-- Opening Marker --

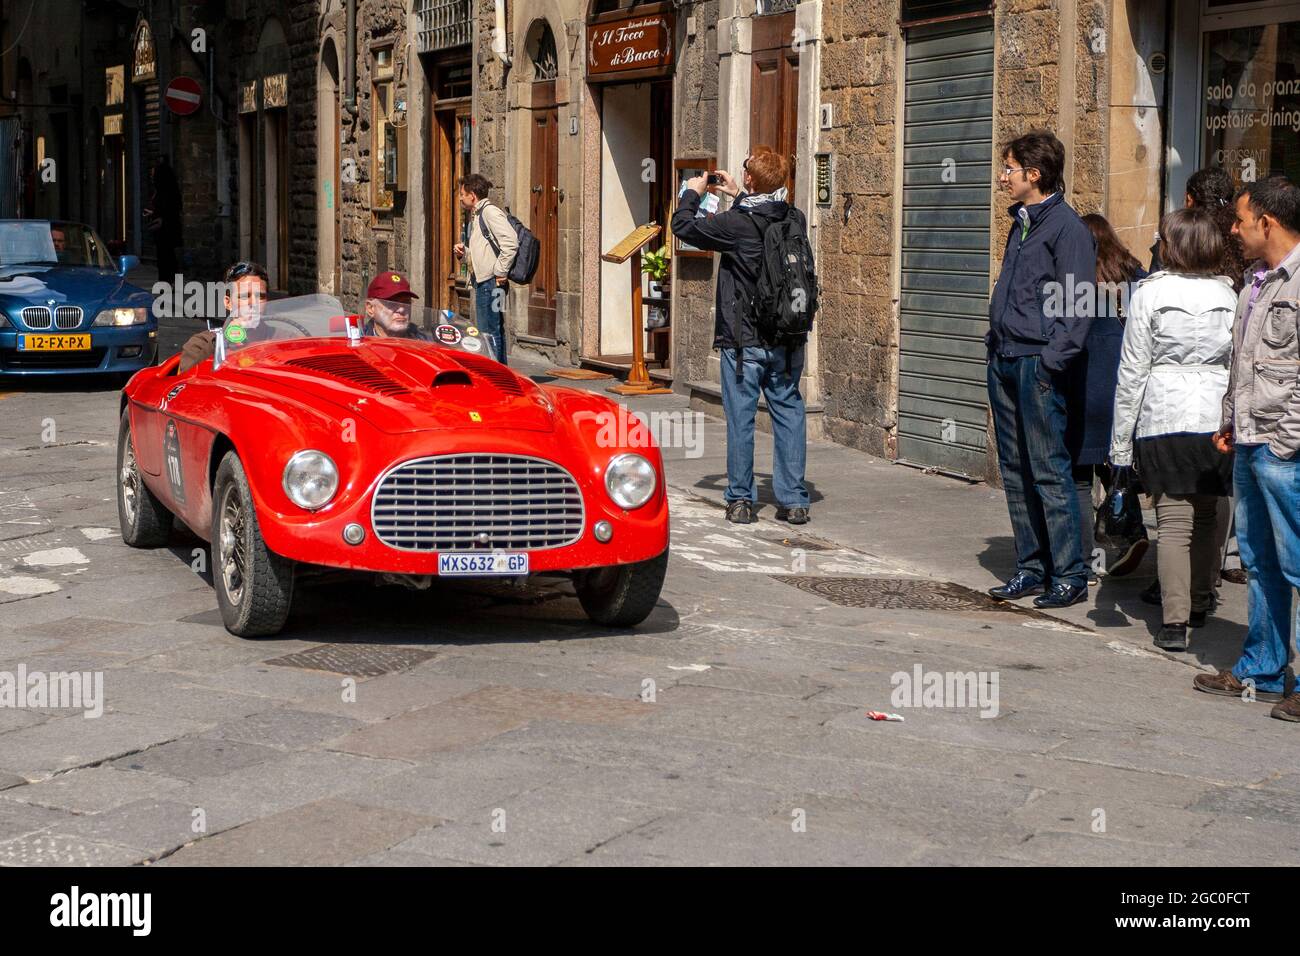 Florence, Italy - May 8, 2010: FERRARI 166 MM Touring Barchetta s/n 0056M (1950) in the rally Mille Miglia 2010 edition on a busy street in Florence. Stock Photo
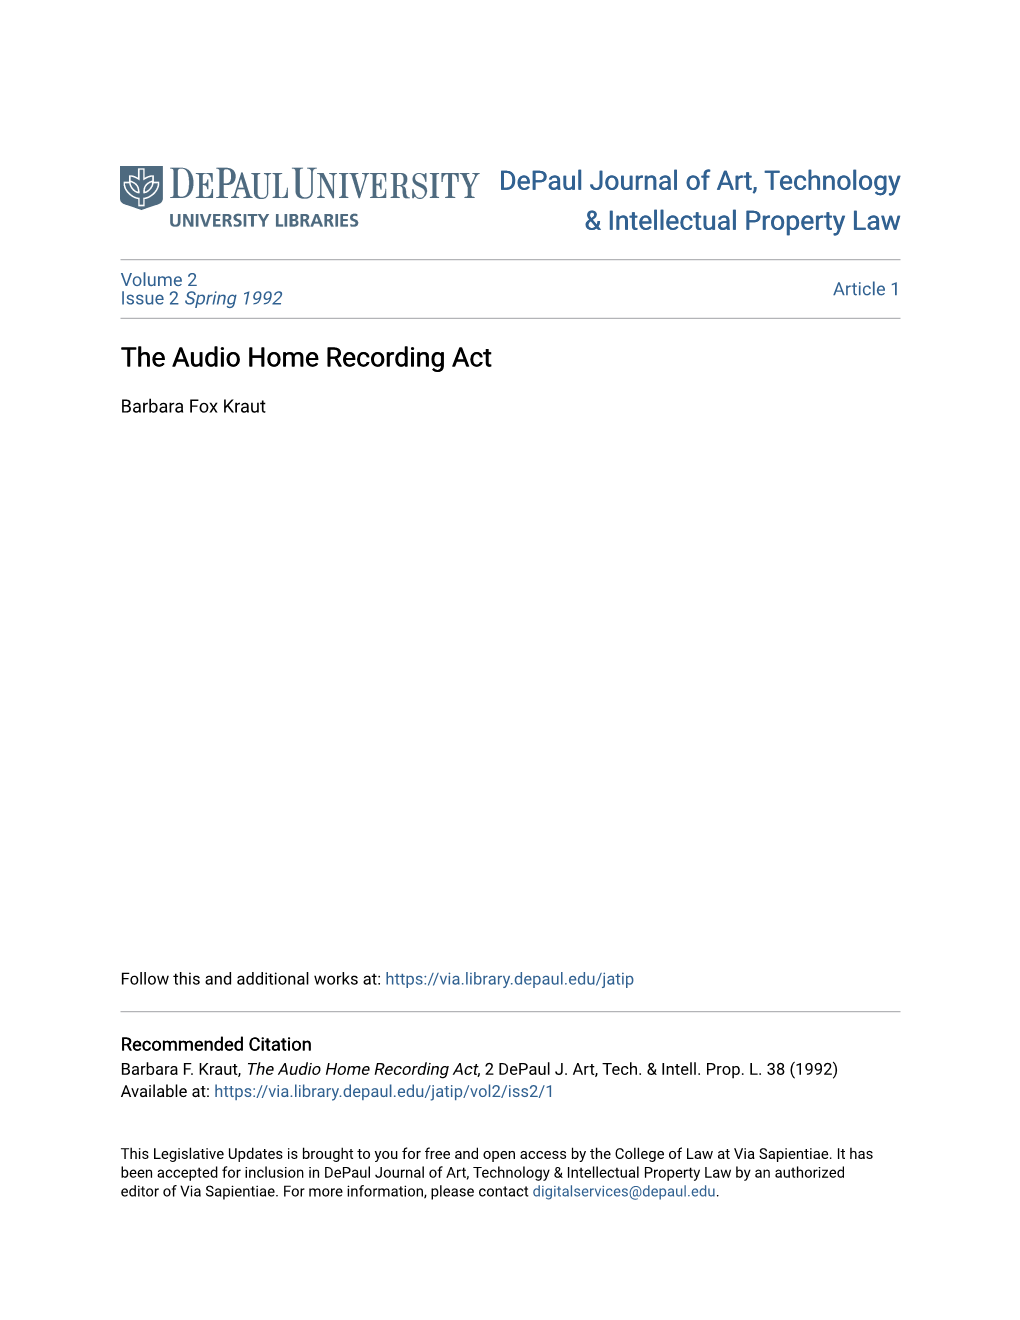 The Audio Home Recording Act
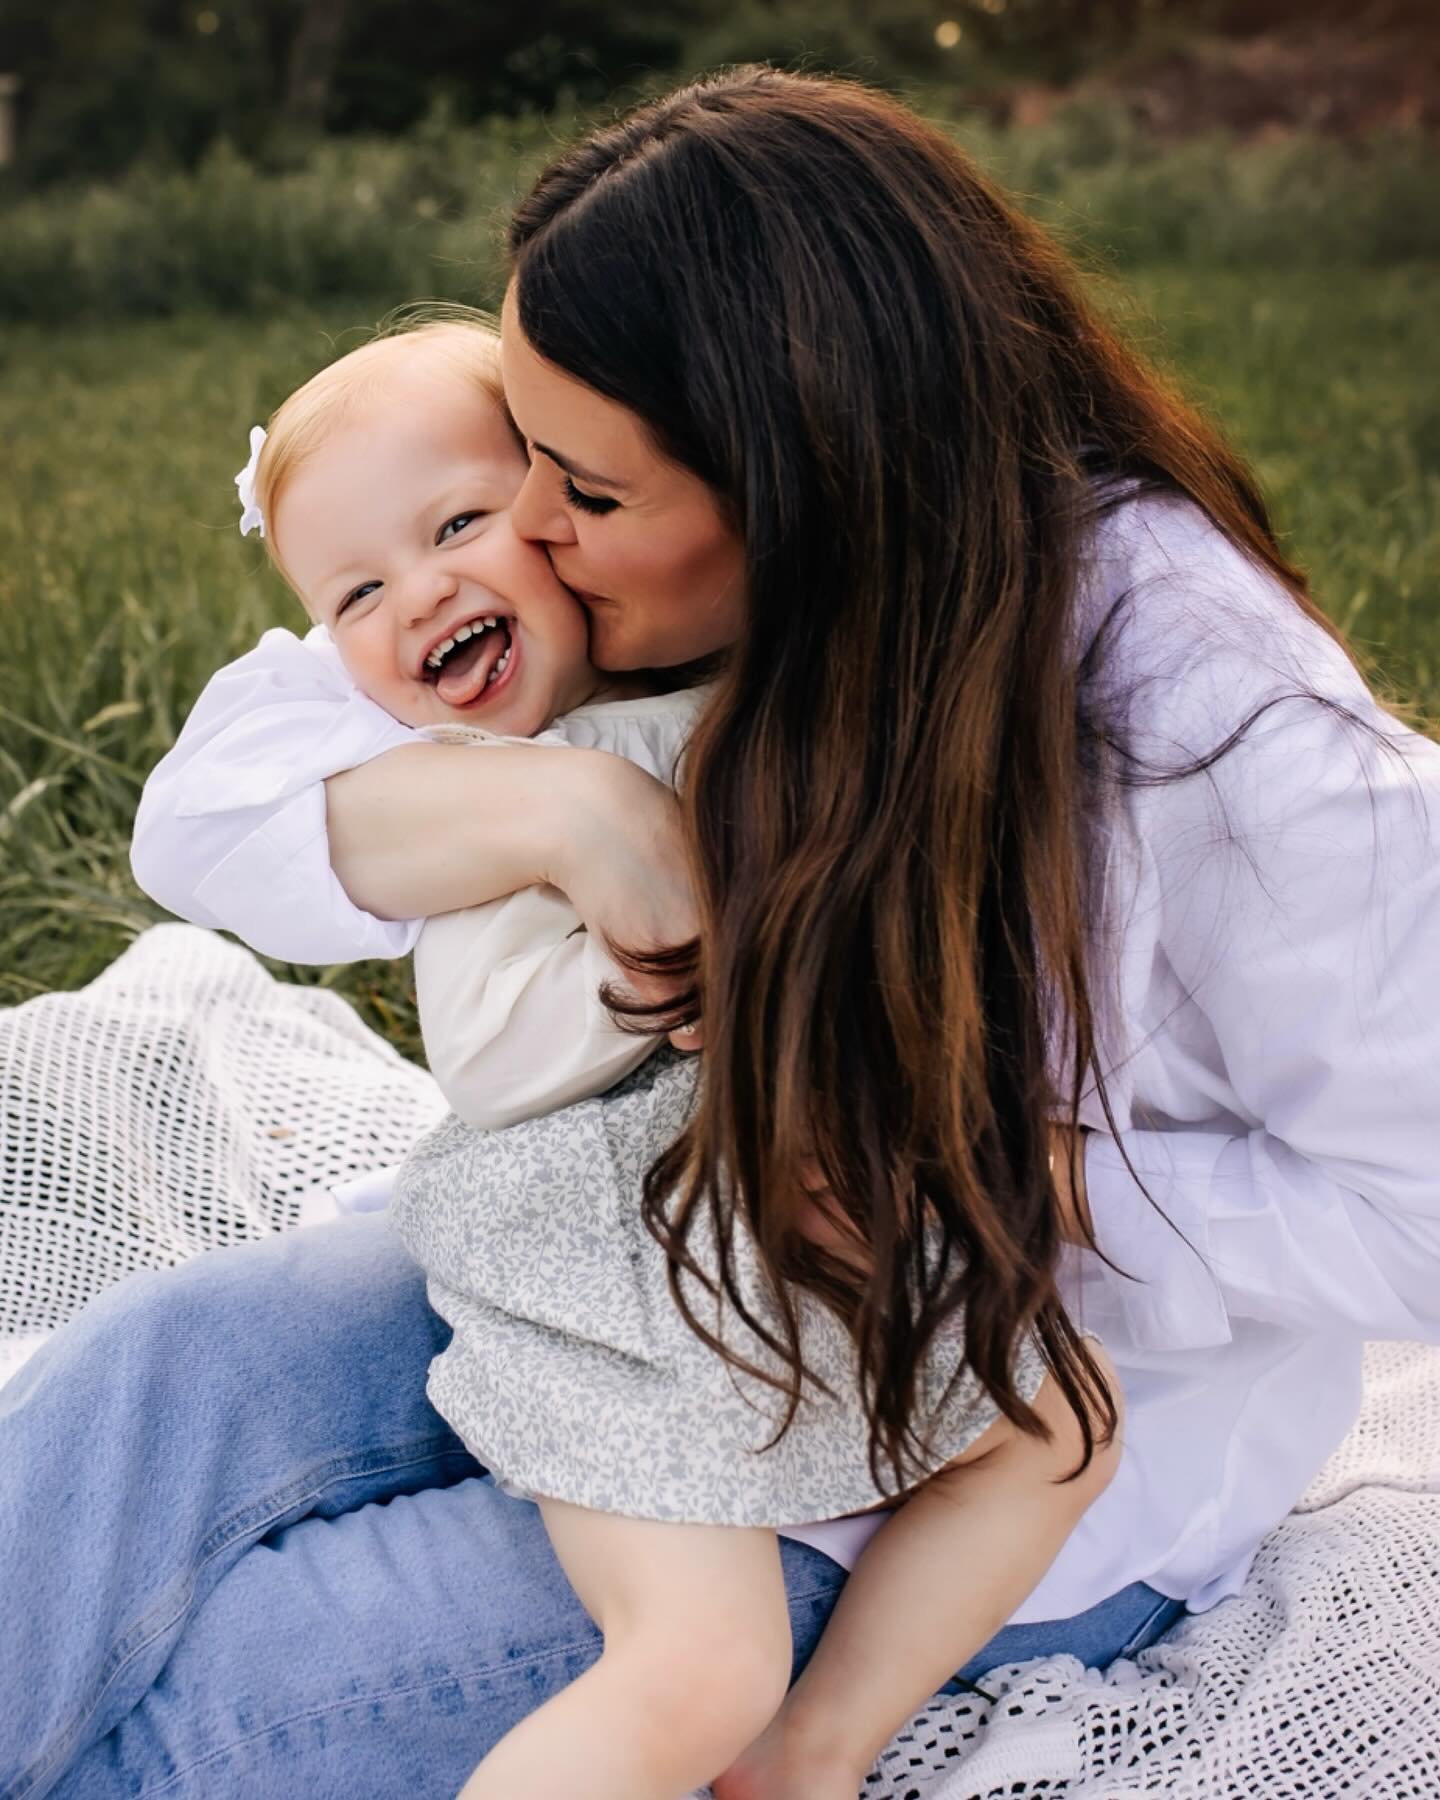 All the mama love in this post. 🥰

Also, this little cutie&rsquo;s smile was so infectious. How cute is she?! 

Happy Mother&rsquo;s Day weekend to all 💞
.
.
.
.
#morristownnj #morristownnjphotographer #morristownfamilyphotographer #mothersday #cli
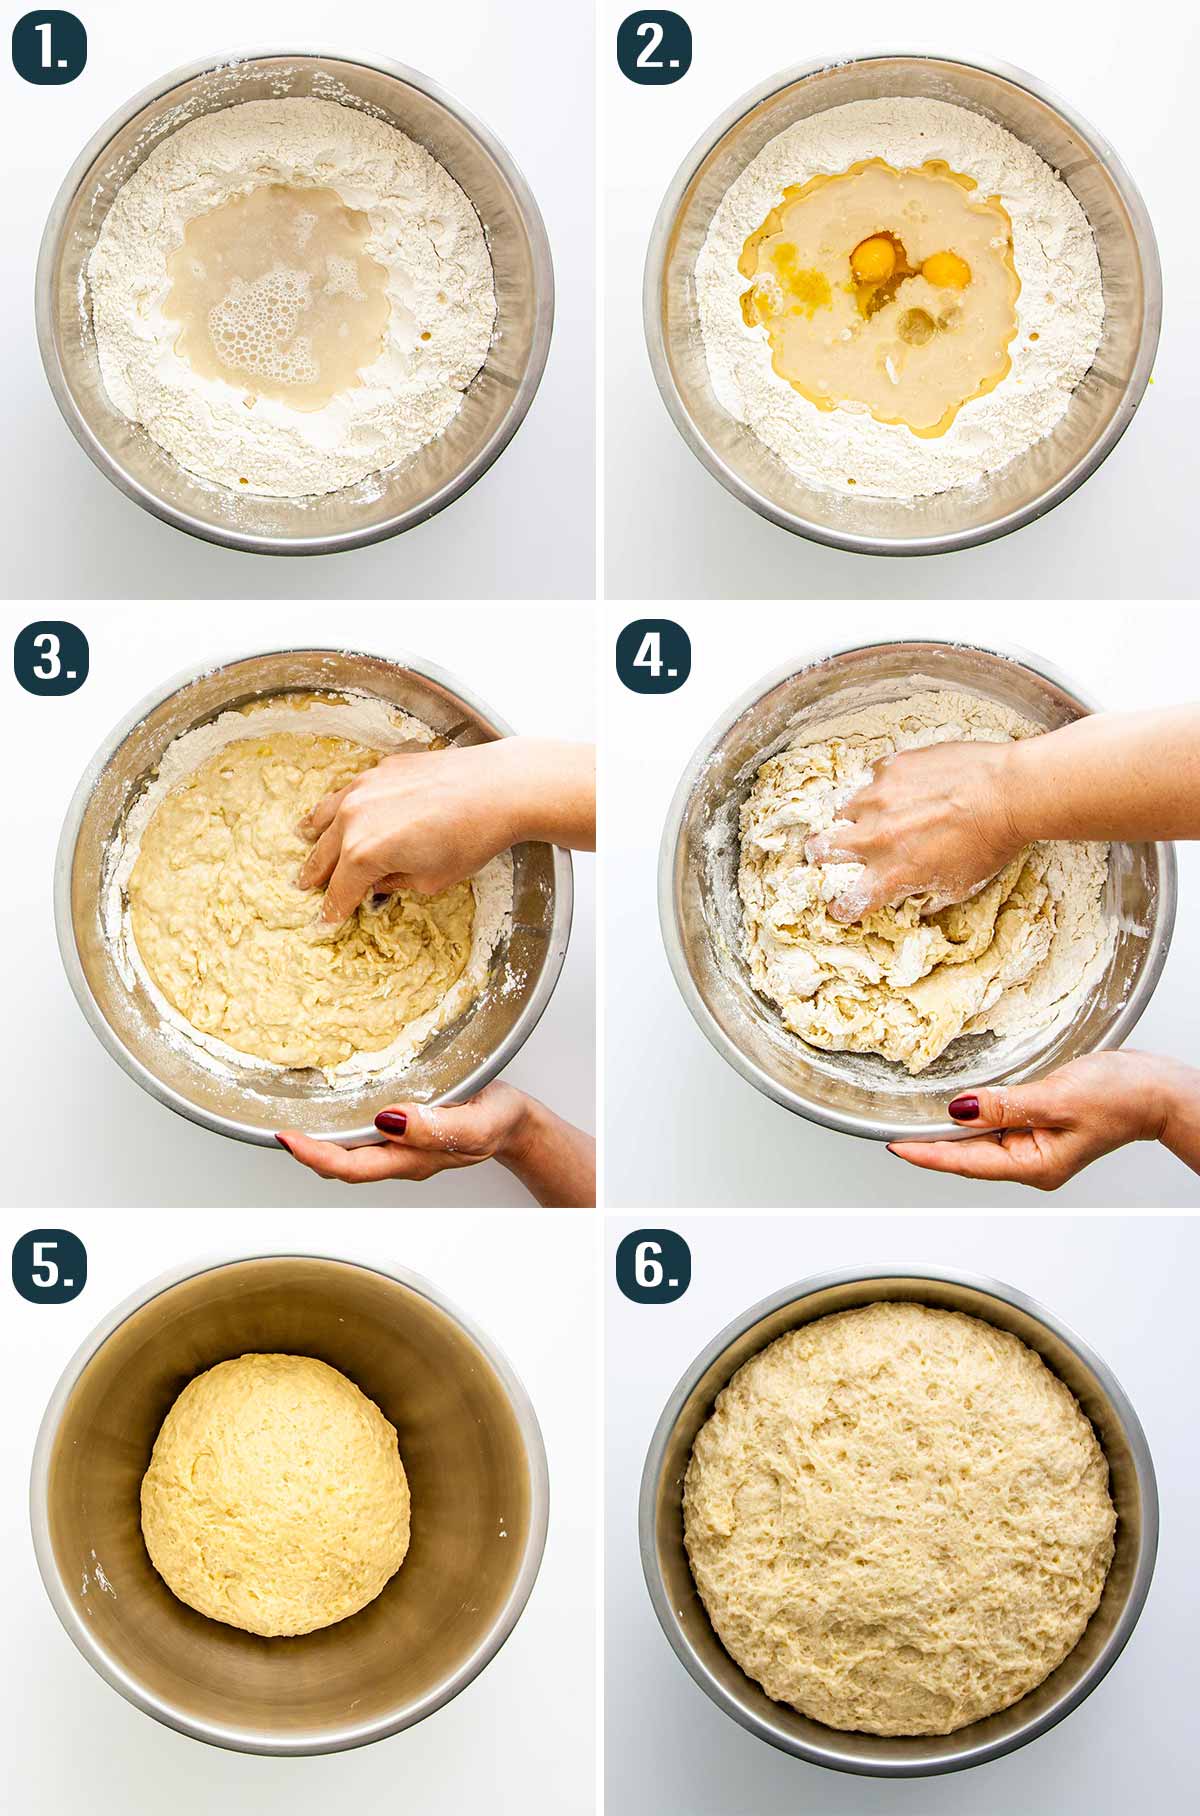 process shots showing how to make dough for sweet cheese buns.

-- Closing Marker --

▶ _WORK INSTRUCTIONS_
Identify the lines above that contain the word "rsquo", then copy them.

▶ _RESPONSE_
Also, this little cutie&rsquo;s smile was so infectious. How cute is she?! 
Happy Mother&rsquo;s Day weekend to all 💞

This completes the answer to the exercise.